Kobrin et al. (15) reported a FL case in which IgL expression of tumor cells changed from Igκ at diagnosis to Igλ at relapse and raised the possibility that Igλ-expressing cells would have arisen subsequent to a secondary IgL rearrangement that occurred in Igκ-expressing tumor cells, as SHMs were shared by both cell subpopulations. In our case, it is not likely that Igλ-expressing LN cells were converted from Igκ-expressing BM cells, as the concomitant IgH deletion on the der(14) chromosome in BM, which seemed to occur subsequent to the generation of the t(14;18) translocation, was not present in LN. On the other hand, results of the Igκ gene analysis including the Kde rearrangement indicated that Igκ-expressing BM cells would not be derived from Igλ-expressing LN cells. Thus, in this case, two tumor clones seemed to have developed independently, rather than that one had been converted from the other.

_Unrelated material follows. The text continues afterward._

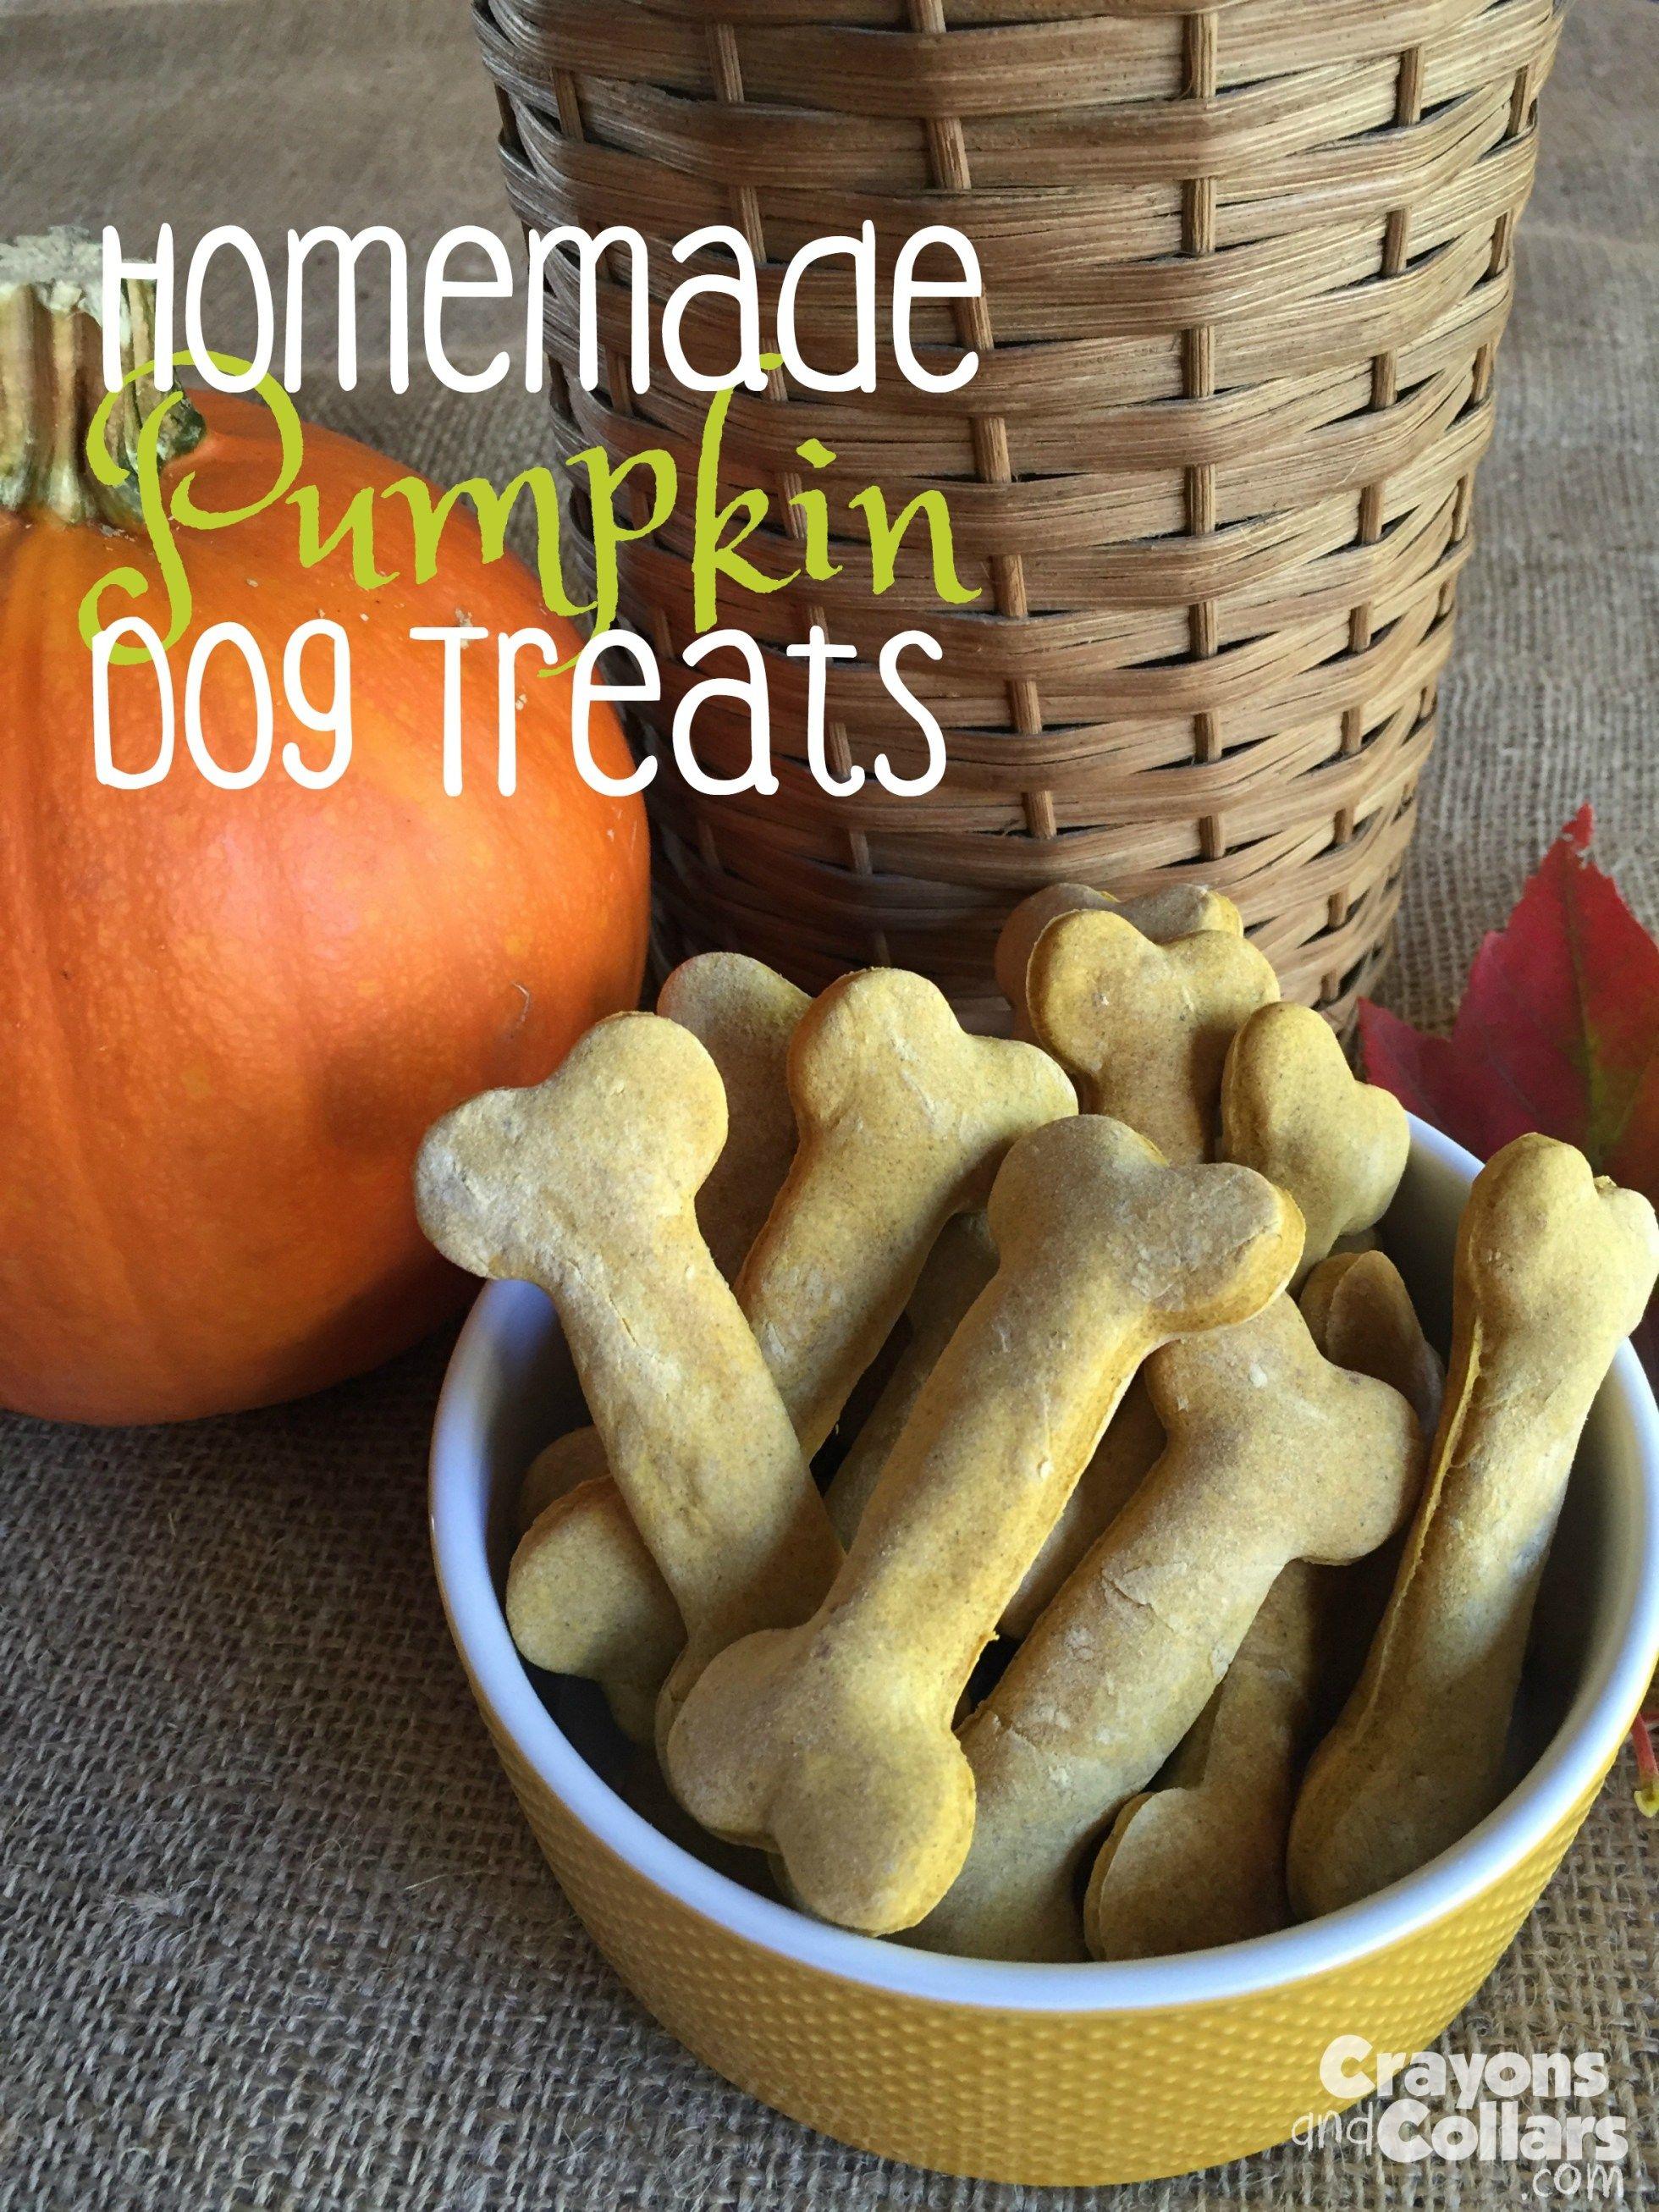 Homemade Pumpkin Dog Treats Dog Food Recipes Pumpkin Dog Treats

The SHM analysis within the IgVH revealed the occurrence of LN- and BM-specific base replacements. In the previous report on the SHM analysis in BM-infiltrated FL cases (19), it was shown that the majority of BM tumor cells were derivatives of ‘LN-inexperienced’ clone. Clone-specific SHMs in LN and BM in our case also indicate that these two clones were transformed by antigenic selection independently at the two sites.

However, some of base replacements within the IgVH observed in this case were common to the both clones and seemed to be tumor-related SHMs that generated at an early stage of development, as polymorphisms were denied by germline sequence from the patient’s non-lymphoma cells. As SHM is generally regarded as properties exhibited in mature B cells (20), the shared SHM patterns in this case would indicate that the common progenitor cells had reached at GC stage, and then developed into LN and BM tumor cells with independently occurring secondary IgL rearrangements (receptor revisions).

Alternatively, if pre-B cells had a potential of undertaking SHM as reported in cases with acute lymphoblastic leukemia L2 with t(14;18) (21), it would be probable that LN and BM tumor clones were originated from the common progenitor at the pre-B cell stage and developed with shared and clone-specific SHMs. It is unknown whether or not the occurrence of SHMs in early B cell stage was the feature with t(14;18)-bearing cells. Further investigation is needed to clarify this point.